REQUIREMENT: Extract each line of the material that follows exactly and omit its pictures.

SUPPLIED MATERIAL:
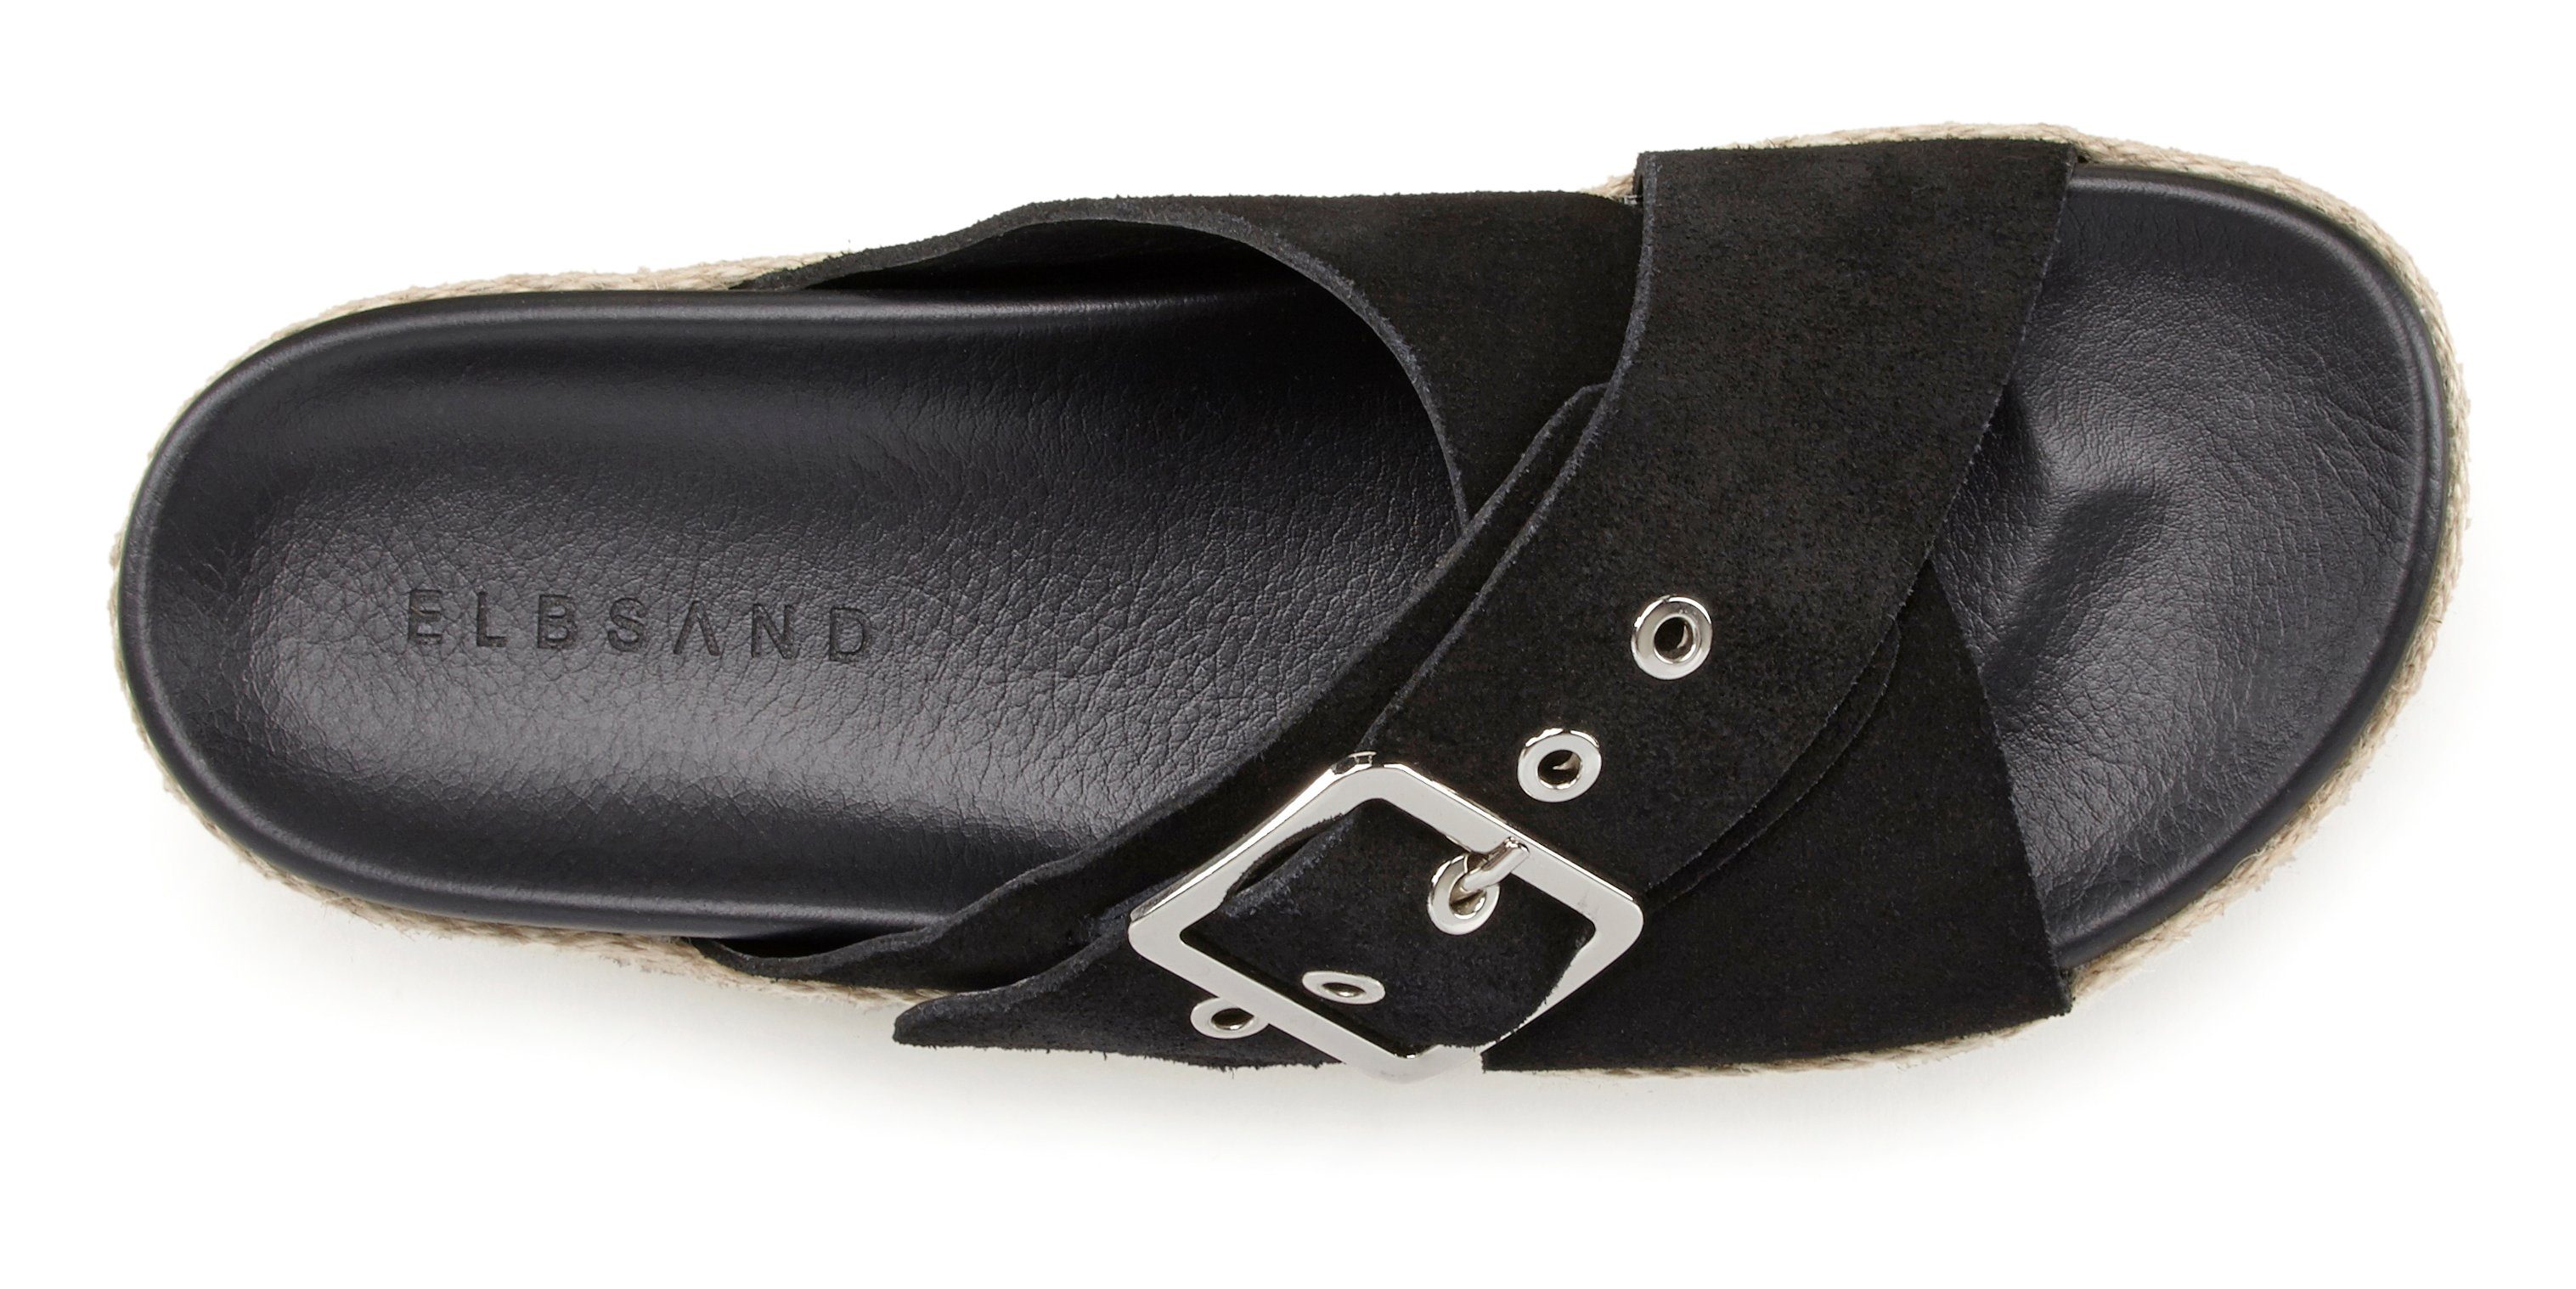 Elbsand Pantolette offener Plateauabsatz Leder Mule, Schuh Sandale, mit aus
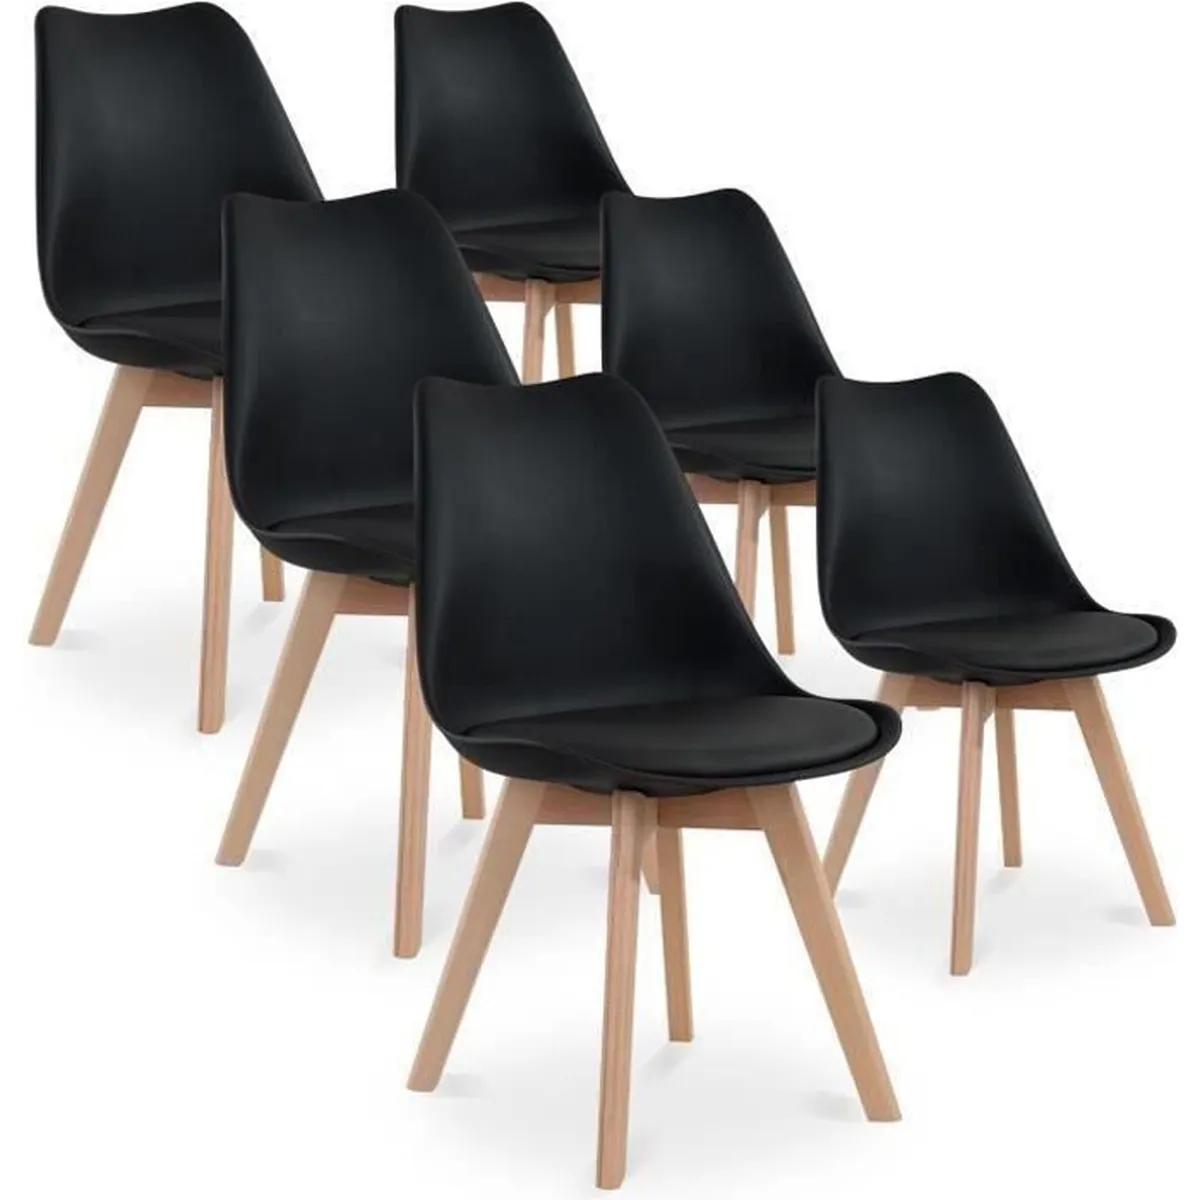 Bon plan : le lot de 6 chaises scandinaves Catherina © Cdiscount
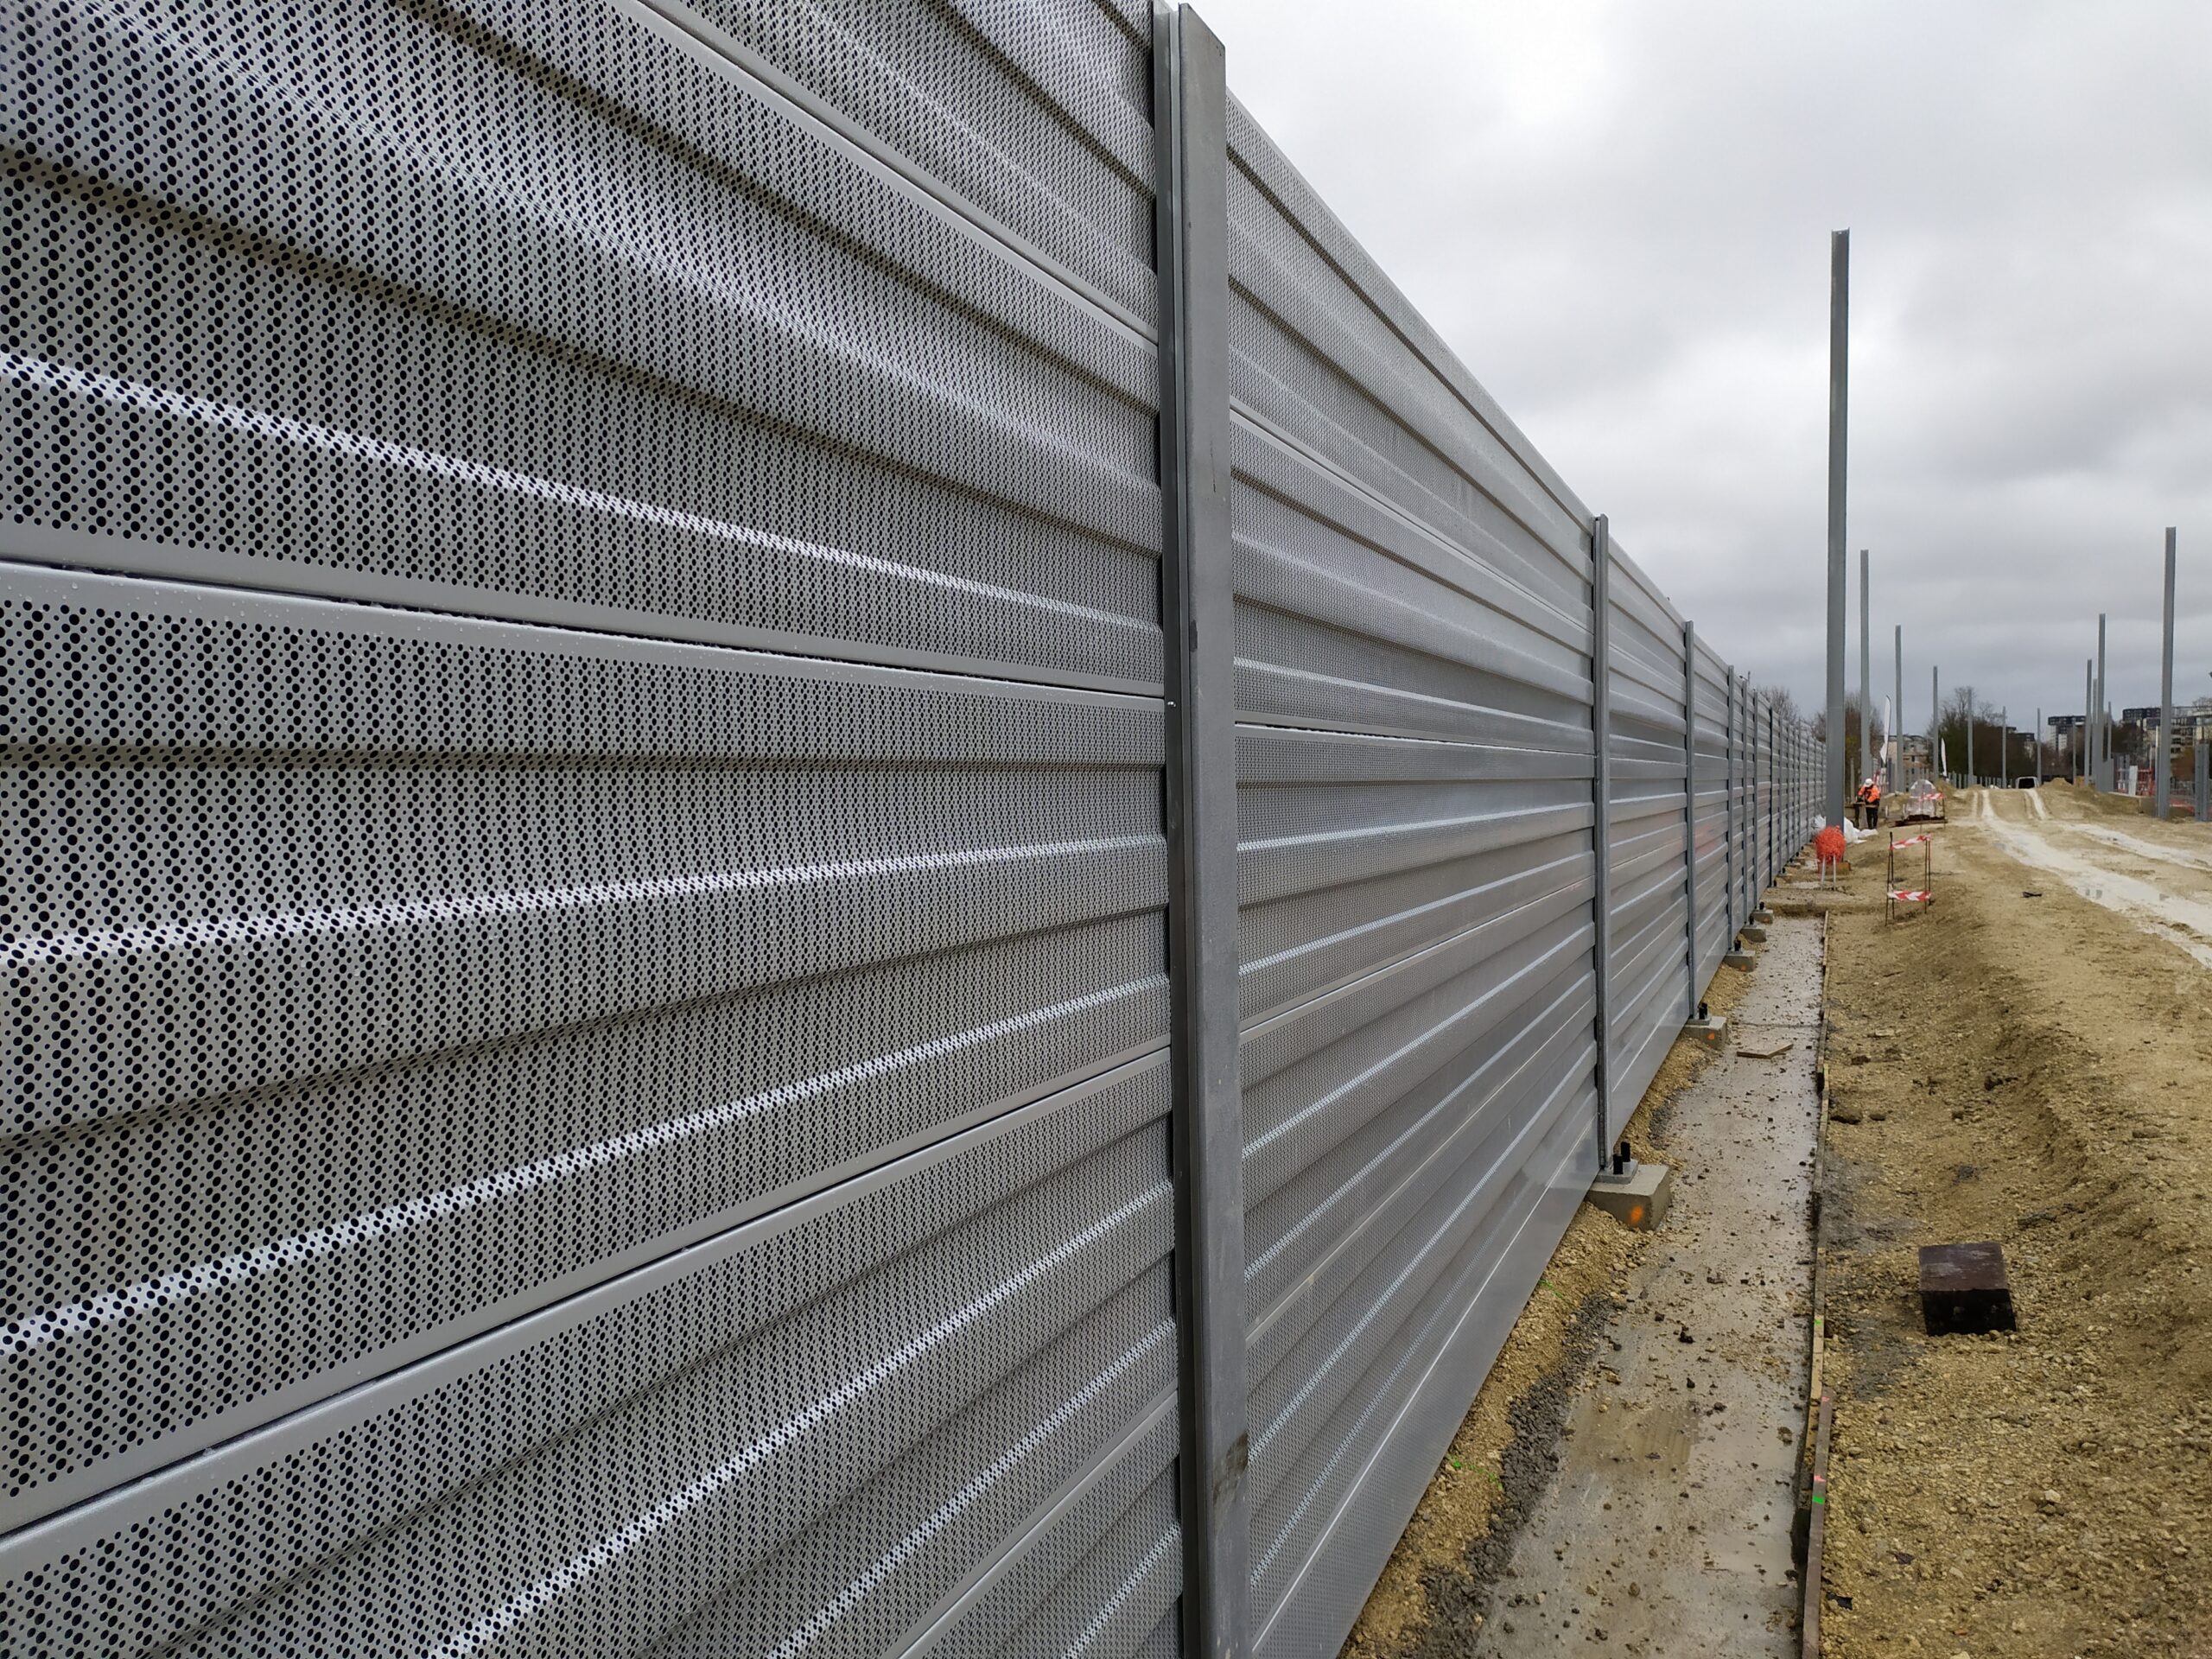 Les clôtures pour votre mur anti-bruit

SOLUTION TO THIS EXERCISE:
 Elbsand Pantolette offener Plateauabsatz Leder Mule, Schuh Sandale, mit aus
 Bon plan : le lot de 6 chaises scandinaves Catherina © Cdiscount
 Les clôtures pour votre mur anti-bruit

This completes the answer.